# Can BNR tune a 2011 Holden Cruze 1.4 Turbo? (Australia)



## Muz (Apr 15, 2018)

I live in Australia and I'm unsure if BNR will be able to tune my Cruze. It's a 2011 *Holden* Cruze SRI 1.4 Turbo (manual).

Thanks, Muz...


----------



## Muz (Apr 15, 2018)

Anyone with a Holden got a BNR tune? What year model? The reasons I would see it's not possible is if there are identification differences in the ECU memory that would not allow a flash, or possibly corrupt the ECU or unrecognised VIN numbers. I would like confirmation before making a $700 AUD international purchase, thanks...


----------



## Phalanx (Oct 28, 2017)

contact BnR


----------



## Muz (Apr 15, 2018)

I did last week, haven't heard from them yet. I ordered the tune last night anyway. If it doesn't work, which i'll give a 5% chance, I guess I've wasted some money. But I'll have a BNR tuning device lol. Pretty sure it'll be fine though.


----------



## [email protected] (Nov 12, 2011)

We can definitely tune it, and have tuned several, so no worries there!


----------



## Muz (Apr 15, 2018)

Hi Jerry,

Awesome thanks, I ordered the tune a few days ago. I can't wait to get it! How long can I expect until it's shipped?

Muz...


----------



## Muz (Apr 15, 2018)

Wow it's been shipped already! I only ordered it three days ago. Thanks for the super quick service Jerry! :3tens:


----------



## Muz (Apr 15, 2018)

I got the base tune today. Very happy with it. I did some data logging while I was waiting for the base tune (took less than one day).

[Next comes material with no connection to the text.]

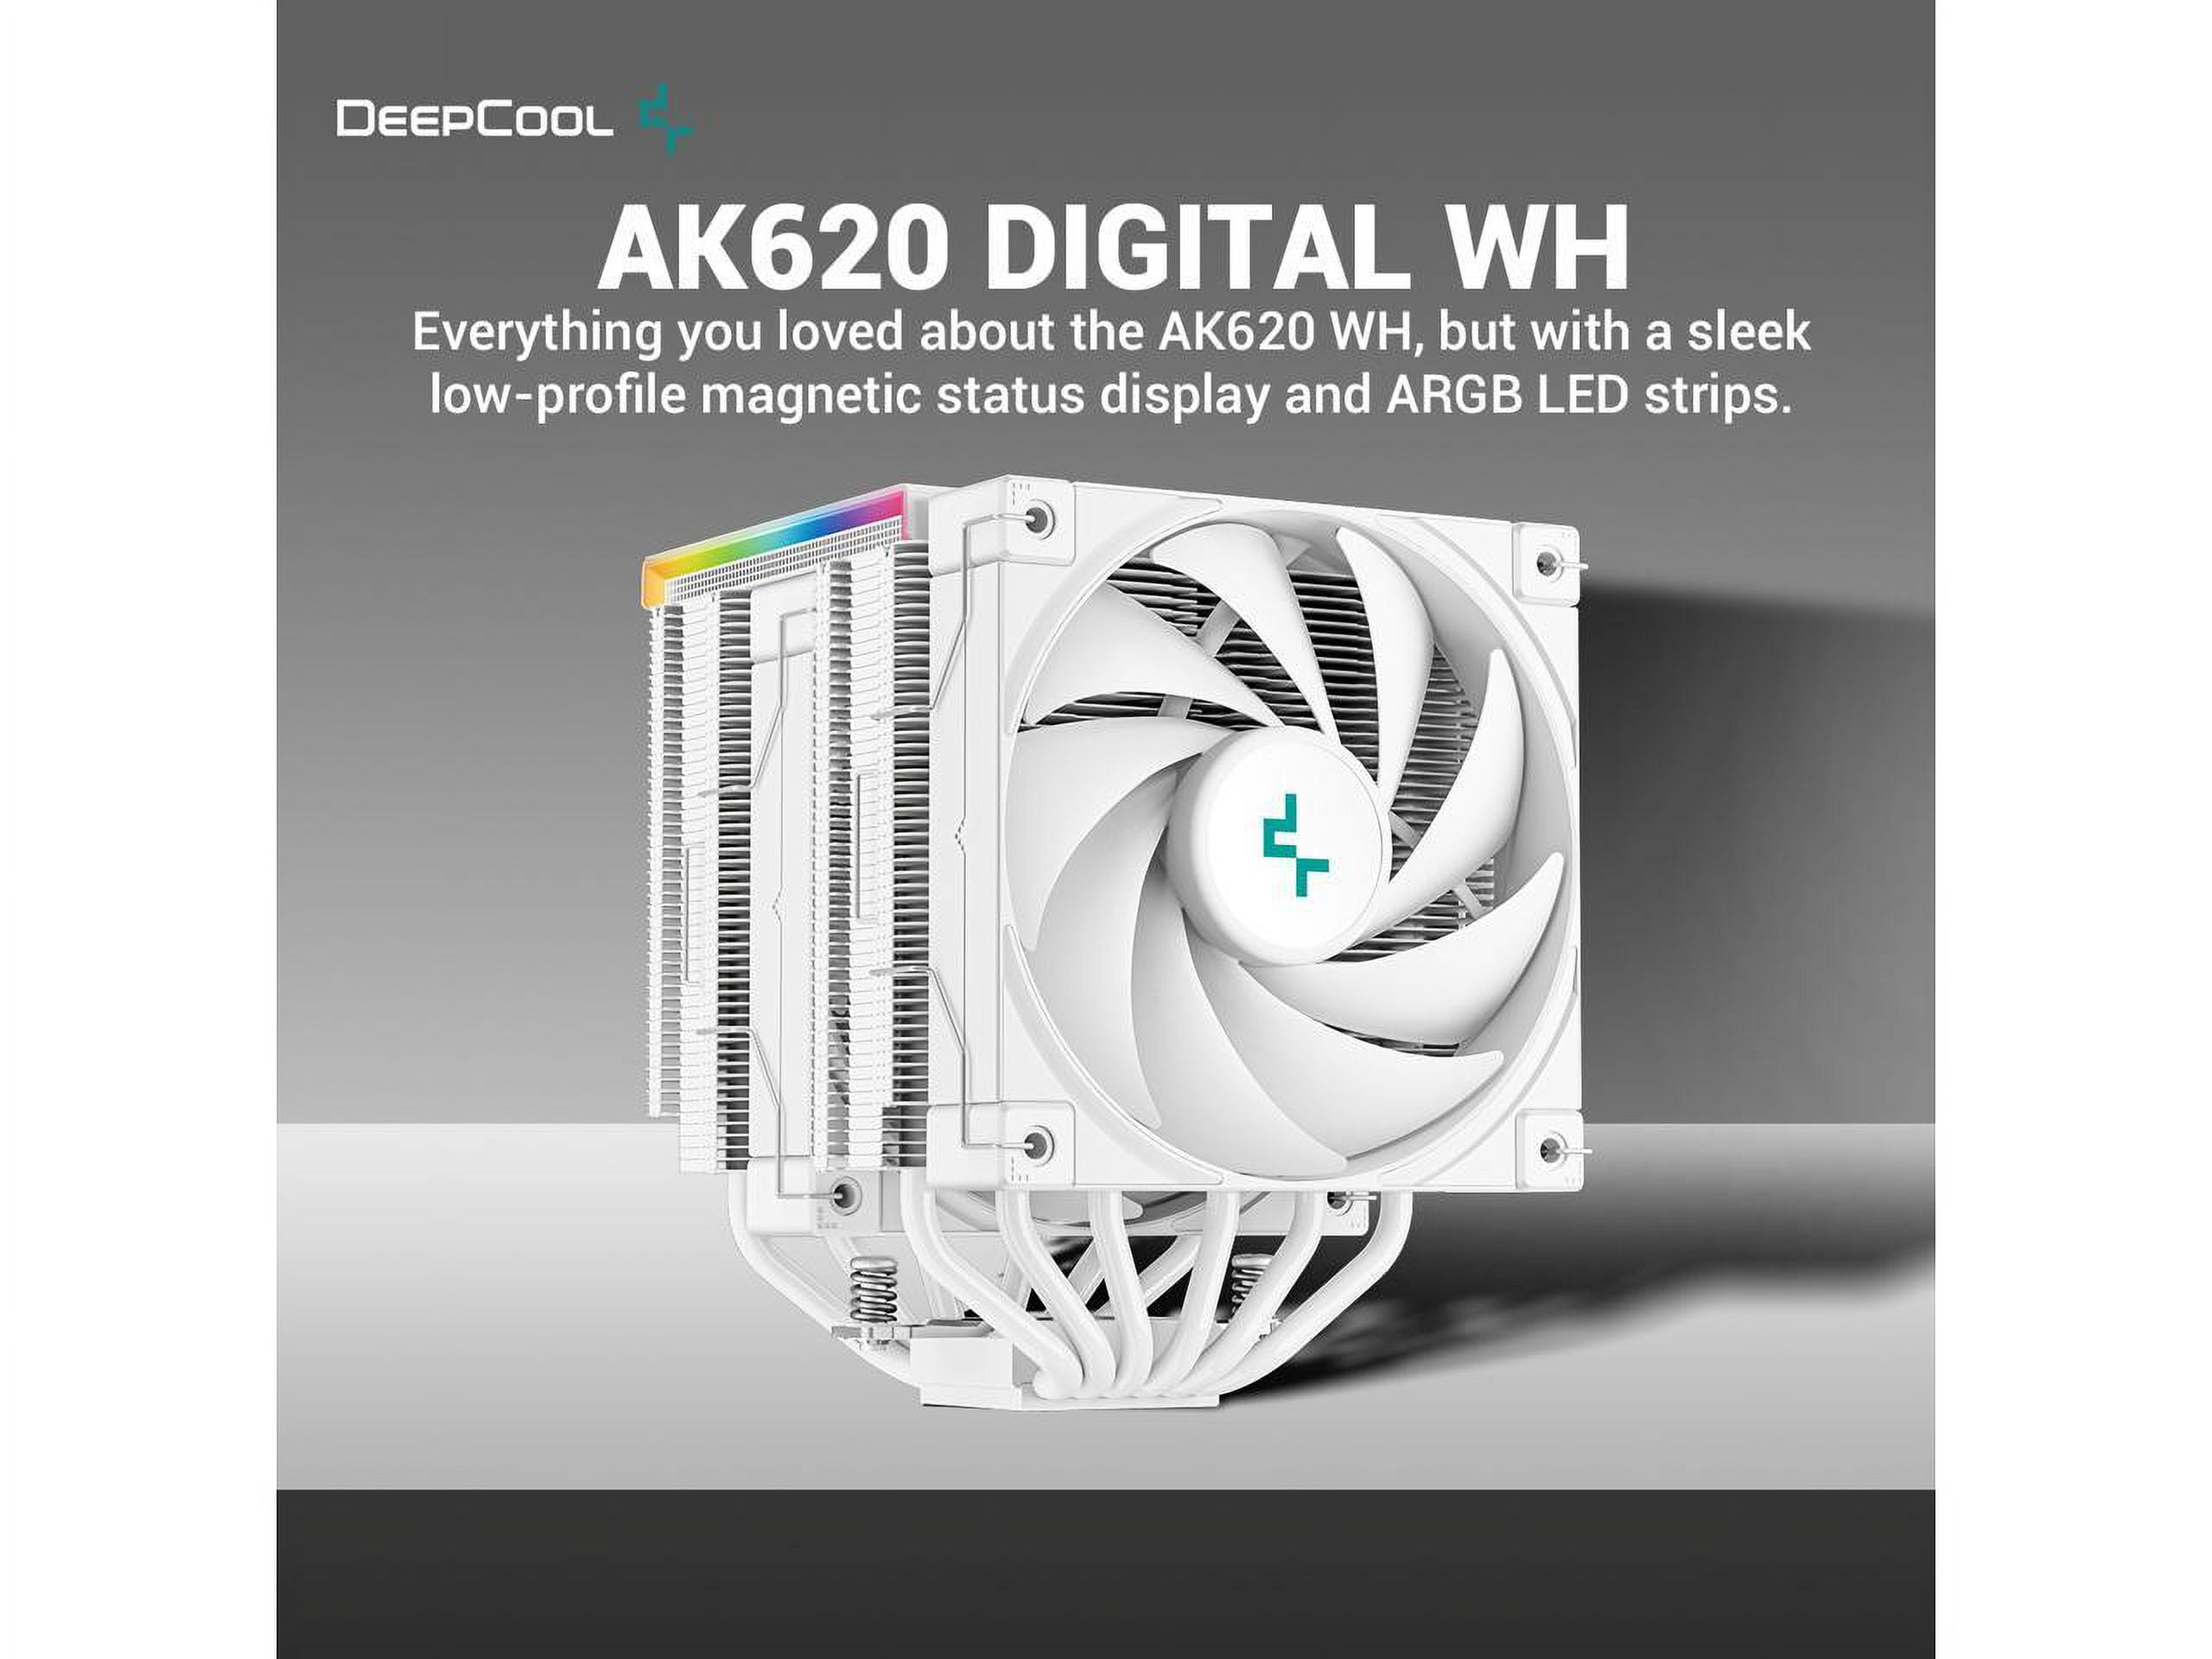 DeepCool AK620 DIGITAL WH Performance Air Cooler, Dual-Tower Layout,  Real-Time CPU Status Screen, 6 Copper Heat Pipes, 260W Heat Dissipation,  Twin 120mm FDB Fans, All White Design

Engine Torque Actual (TQACT2):
Stock - 224Nm
Base tune - 274Nm


Not sure how accurate these numbers are, or variables between logs. I'll post the difference when I get the custom tune.
The boost was typically about 12-13, now 16-18 and much more quickly and consistently.
The power comes on much stronger and quicker hmy:

Looking forward to the custom tune, not sure what to expect???


----------



## Muz (Apr 15, 2018)

I got the custom tune today. It took a bit longer than normal to arrive because I had to remedy the high knock retard by gapping the spark plugs from 0.028. I set them to 0.0185 and all seems good.
The run I mentioned above was a freak run at 274Nm on the TQACT2 reading, other logs it was 256-264. Now it's up to 288Nm. It hits 21PSI easily, but it does drop off a lot in high RPM to about 16-17PSI, though that wouldn't be a tune problem as I understand this is normal and the wastegate actuator would fix that. So by the numbers on the logs it looks like about a 65Nm gain from stock. Though the stock log still had the AEM cold air intake kit installed beforehand. Not sure how much increase that makes on it's own. Any ideas about that? Or how accurate those log torque readings are? I guess I'll check the forums 
There is a pretty big difference from the base tune but I will notice it more once I start driving it normally, same as when I got the base tune.

Muz...


----------